Mayer D K
Nurse Pract. 1986 Feb;11(2):36-8, 41, 45-6.
Small bowel obstructions, which account for two-thirds of all intestinal obstruction, are caused by adhesions, hernias and cancer. Large bowel obstructions are usually the result of a malignancy, but may also be caused by diverticulitis or volvulus. Previously treated individuals with a known diagnosis of advanced cancer originating in the pelvis are at highest risk for developing intestinal bowel obstruction. Since 30 percent of Americans will develop cancer in their lifetimes, and colorectal cancer is the most common type, this represents a significant population at risk to be followed by nurse practitioners. The pathophysiology, assessment and management of an individual with a bowel obstruction is reviewed. Morbidity and mortality in this population is high. Wound healing problems, including infection, dehiscence, evisceration and fistula formation, contribute significantly to the morbidity and can cause long-term problems. In today's health care system, it's likely that patients will be discharged from the hospital earlier after bowel surgeries. Therefore, nursing care focusing on wound management is outlined.

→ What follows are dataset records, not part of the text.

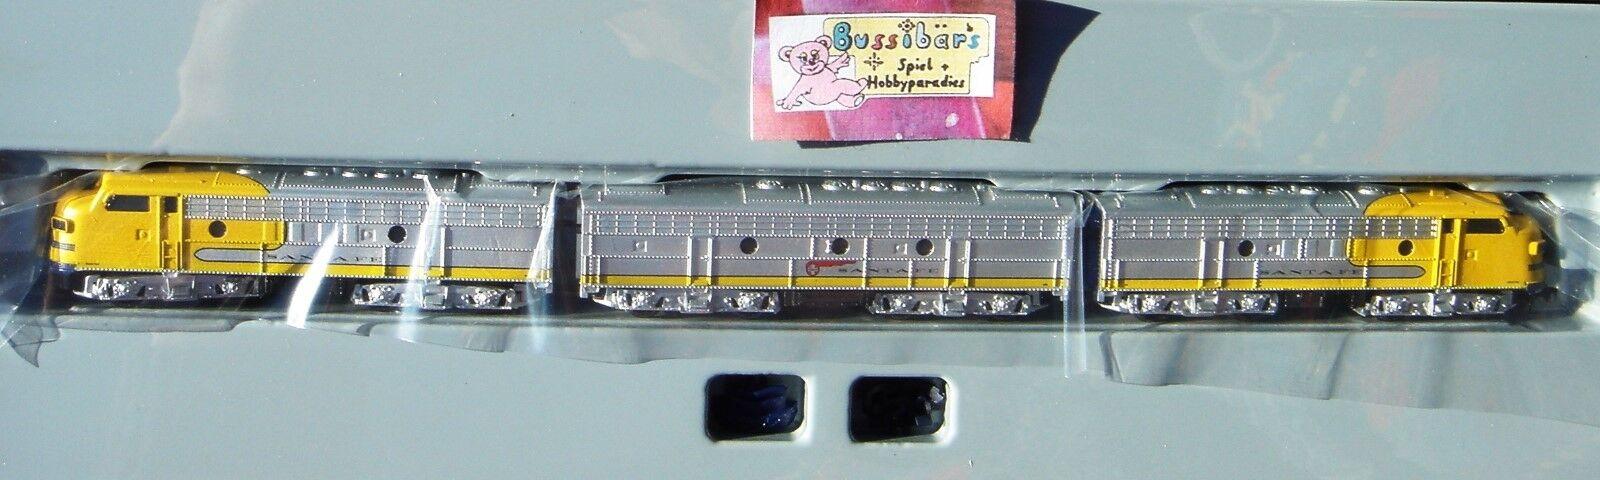 Z 88190 US-dieselelketrische locomotiva, triplice unità EP. III-NUOVO
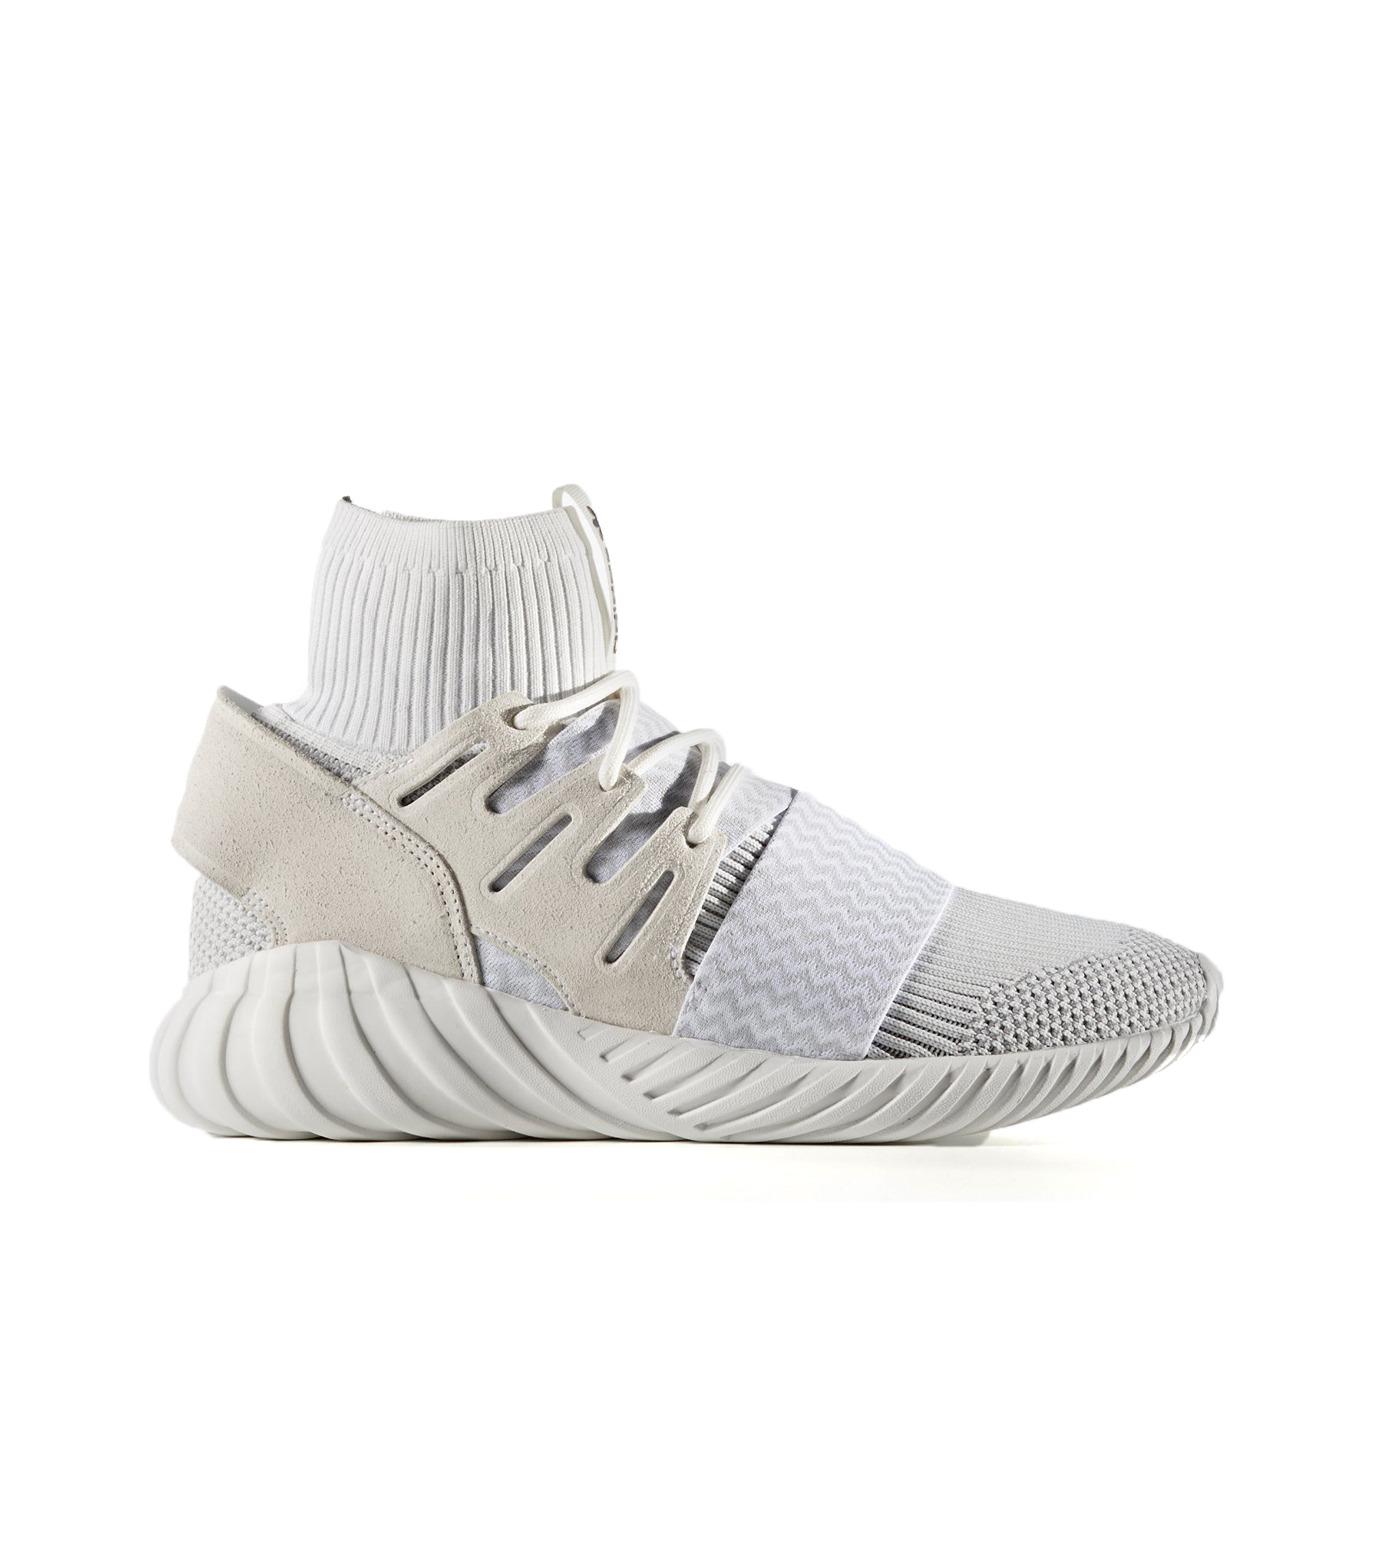 adidas(アディダス)のTUBULAR DOOM PK-WHITE(シューズ/shoes)-S80509-4 拡大詳細画像1
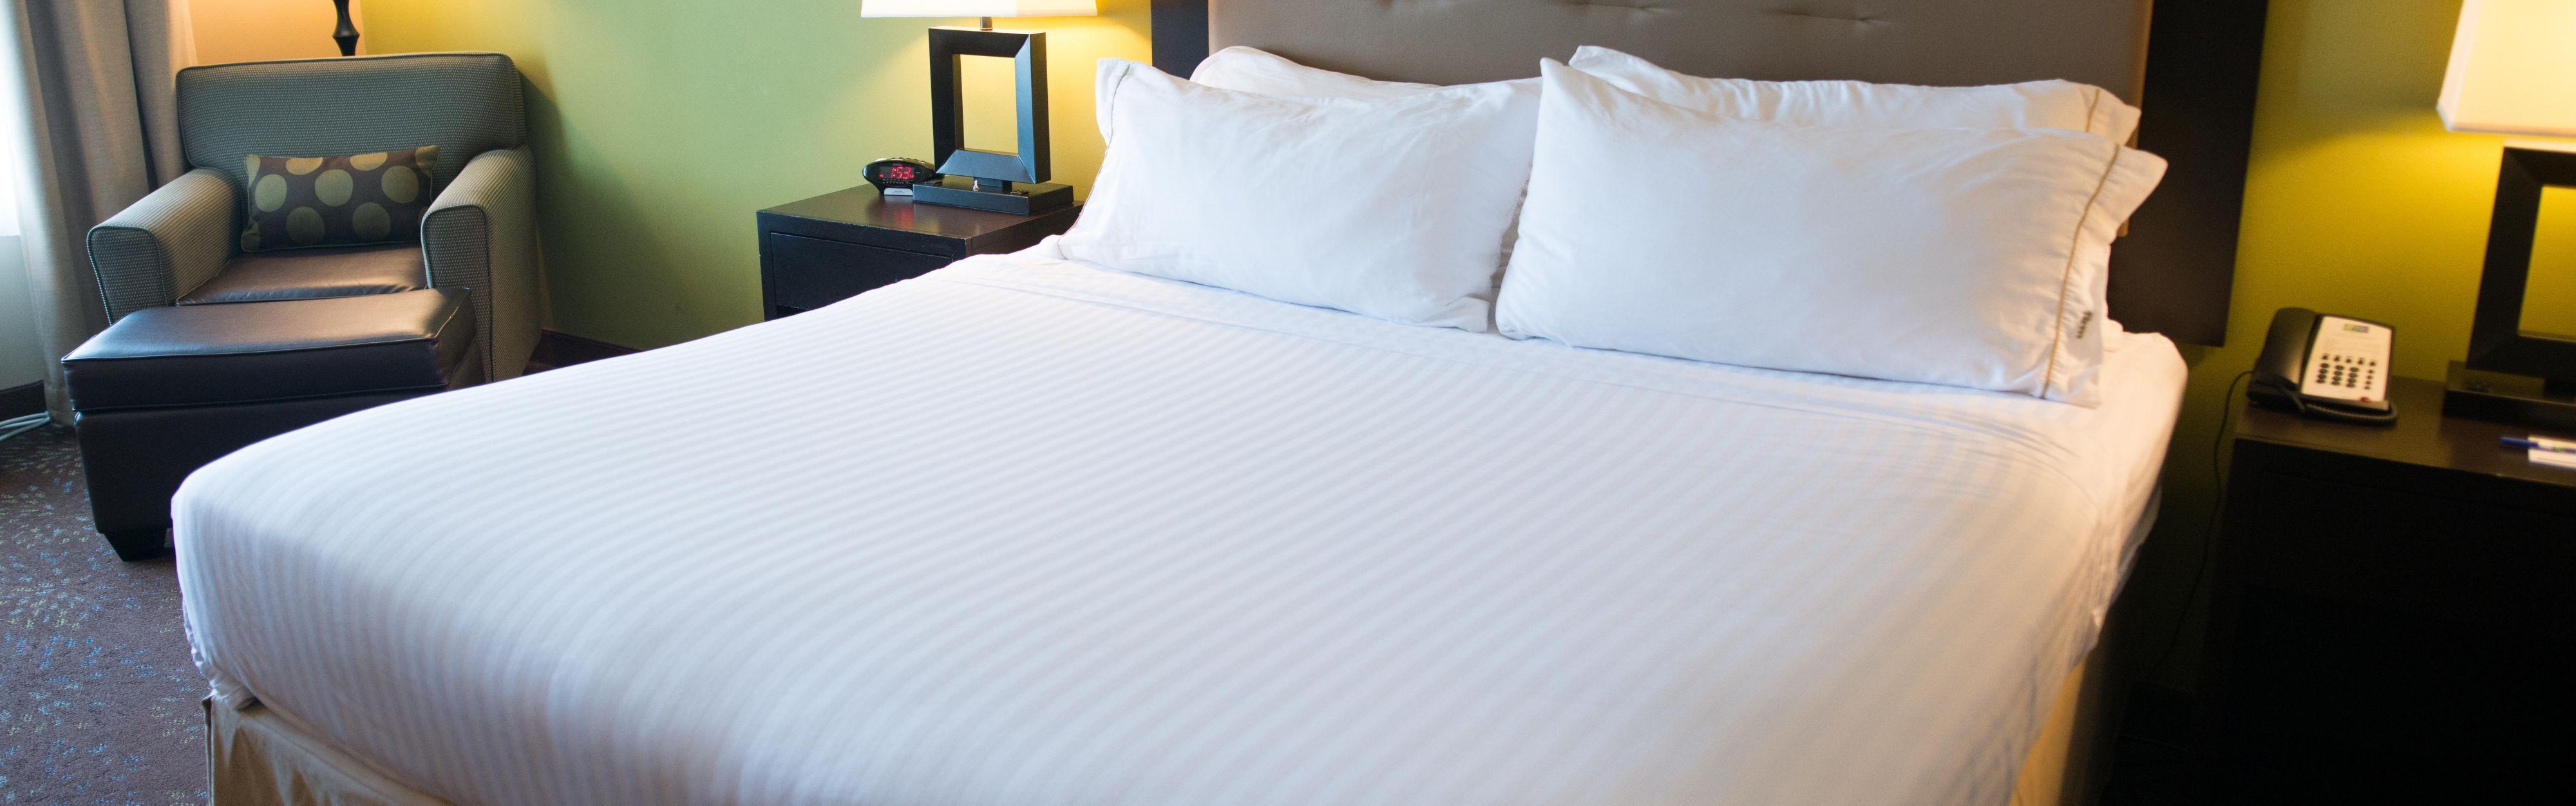 Holiday Inn Express & Suites Northwood image 1
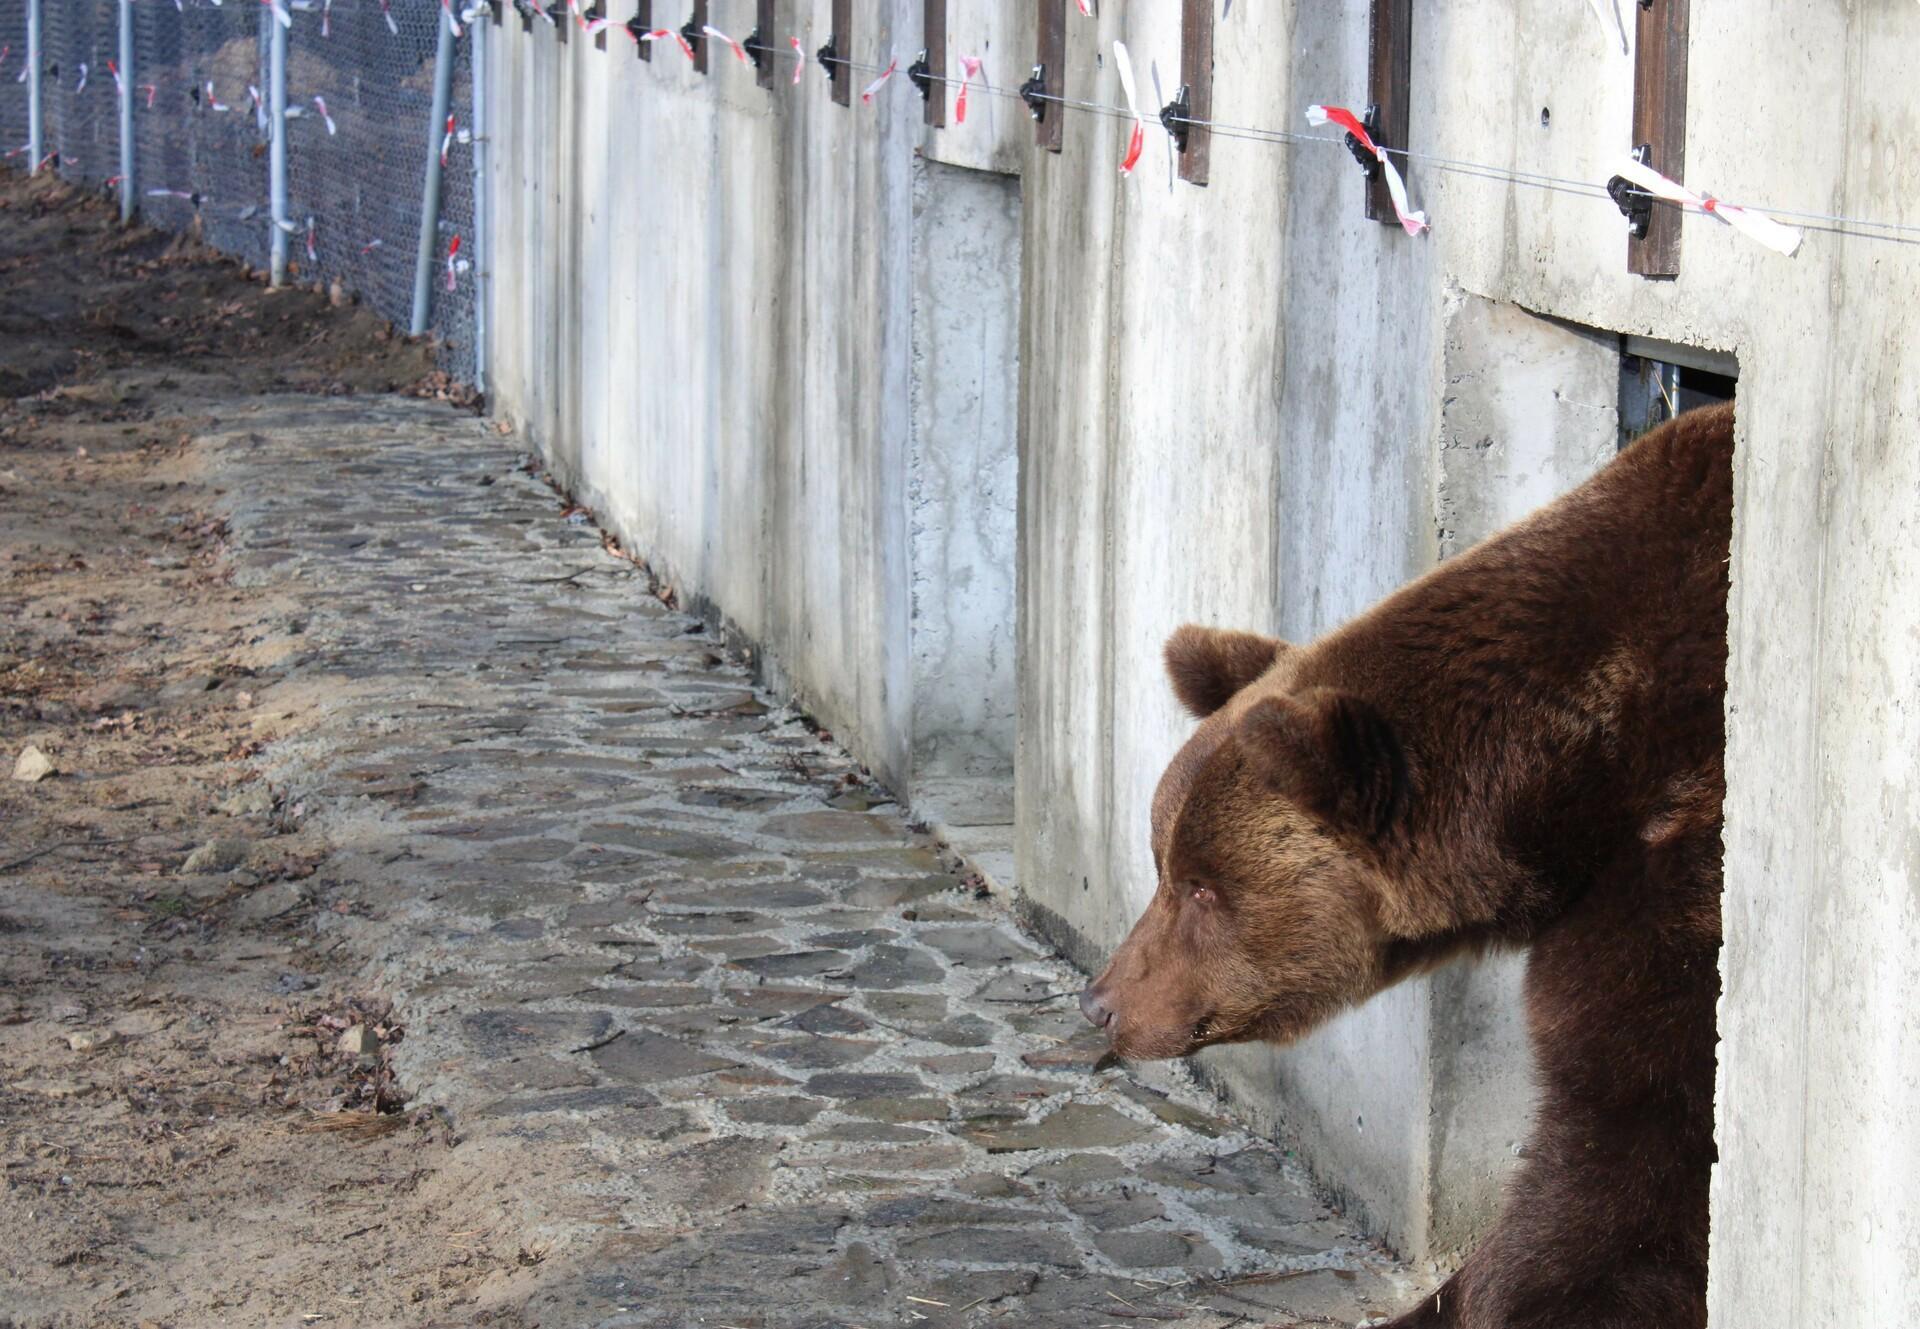 Bear Misha at BEAR SANCTUARY Domazhyr

小肠梗阻占所有肠梗阻病例的三分之二,其病因包括粘连、疝气和癌症。大肠梗阻通常由恶性肿瘤引起,但也可能由憩室炎或肠扭转导致。既往有盆腔原发晚期癌症确诊病史且接受过治疗的个体发生肠梗阻的风险最高。由于30%的美国人一生中会患癌症,而结直肠癌是最常见的类型,这意味着有相当一部分高危人群需要执业护士进行随访。本文综述了肠梗阻患者的病理生理学、评估及管理。该人群的发病率和死亡率很高。伤口愈合问题,包括感染、裂开、脏器脱出和瘘管形成,对发病率有显著影响,并可能导致长期问题。在当今的医疗保健系统中,患者在肠道手术后可能会更早出院。因此,本文概述了以伤口管理为重点的护理措施。